*Task description*
Omit the pictures and retype only the lines from the one containing "Matrimonio Country Chic" through the end of the listing, both ends included.

*Material provided*

# # # # # # #

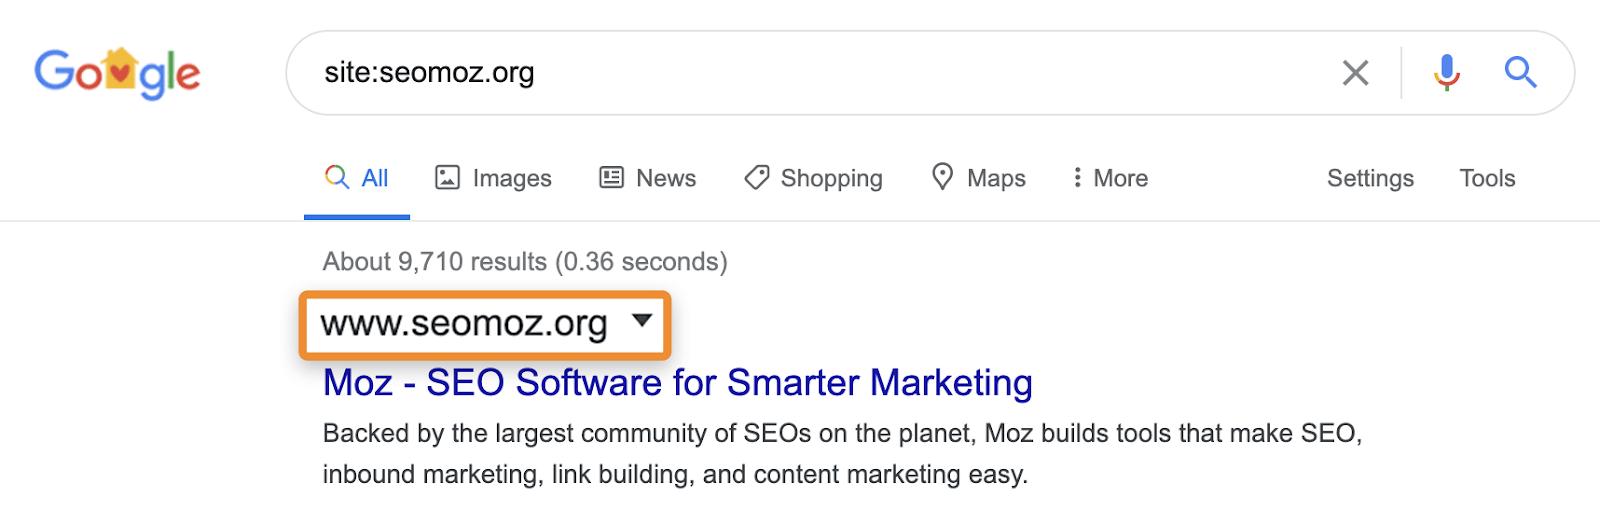 seomoz-site-search-serp-1
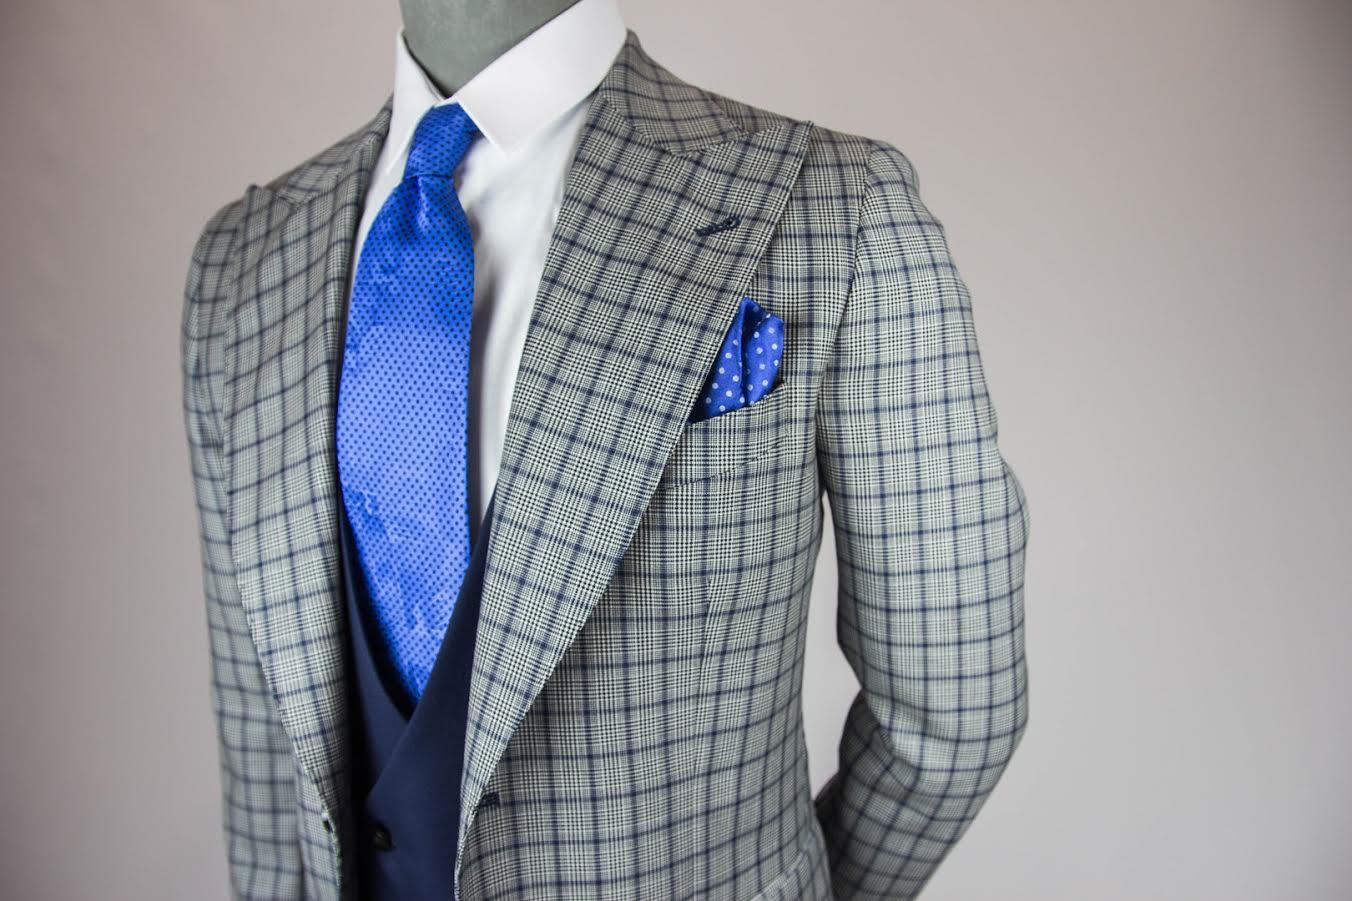 Matrimonio Country Chic Uomo : Vestiti uomo shabby chic look informale gil moda
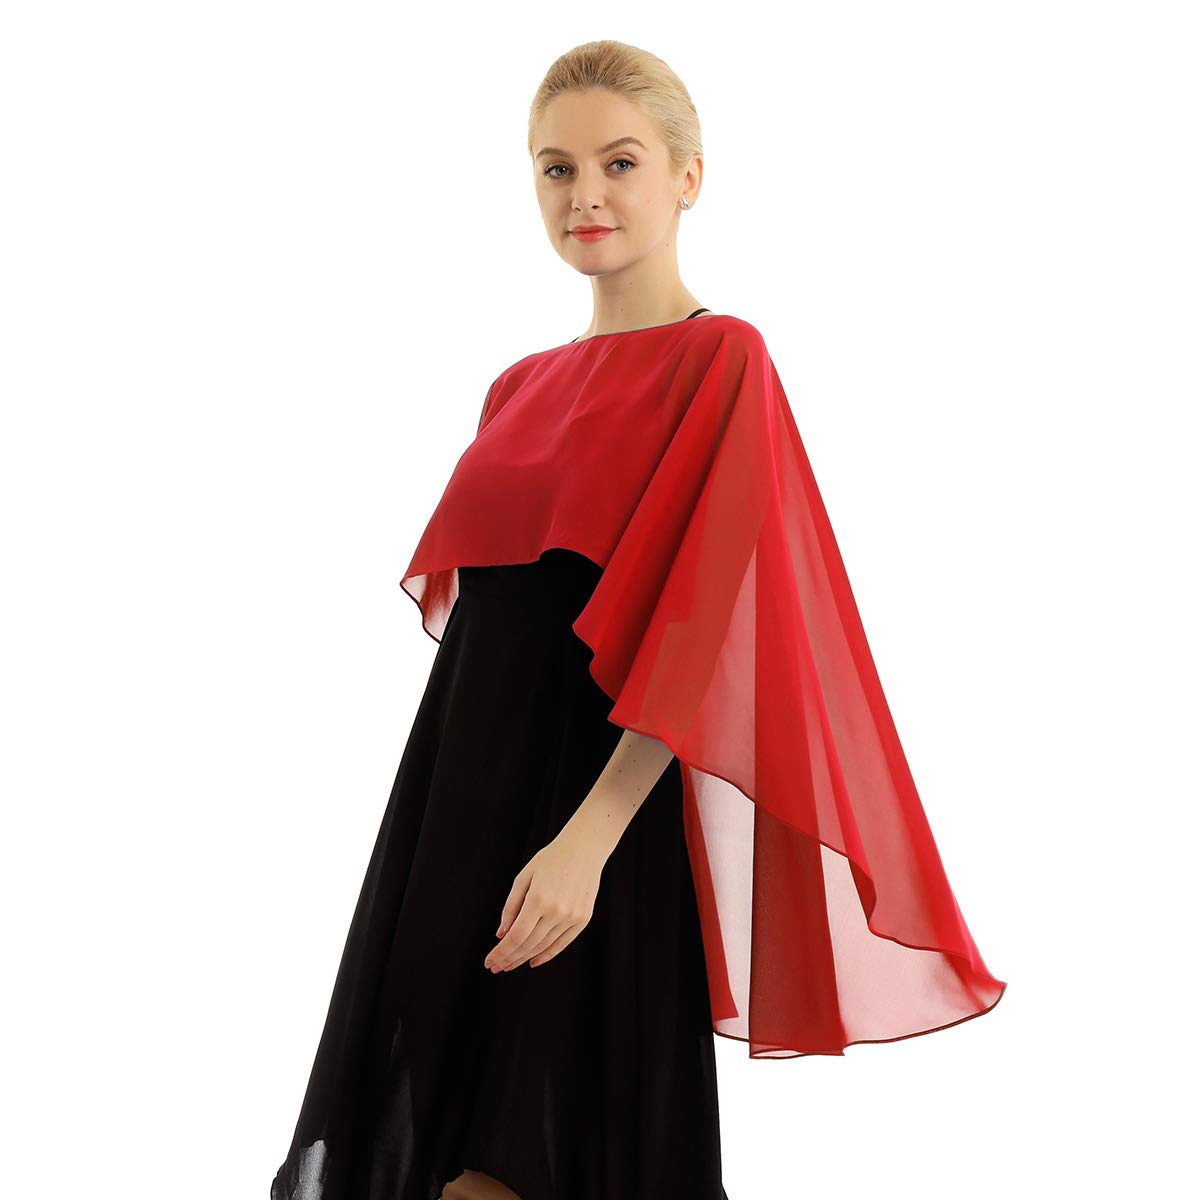 YiZYiF Damen Chiffon Bolero Jacke Elegant J/äckchen Cape Leichter Poncho Cardigan Tops Shrug Schal Umschlagtuch zum Brautkleid Abendkleid

# # # # # # #

*Response*
 Matrimonio Country Chic Uomo : Vestiti uomo shabby chic look informale gil moda
 YiZYiF Damen Chiffon Bolero Jacke Elegant J/äckchen Cape Leichter Poncho Cardigan Tops Shrug Schal Umschlagtuch zum Brautkleid Abendkleid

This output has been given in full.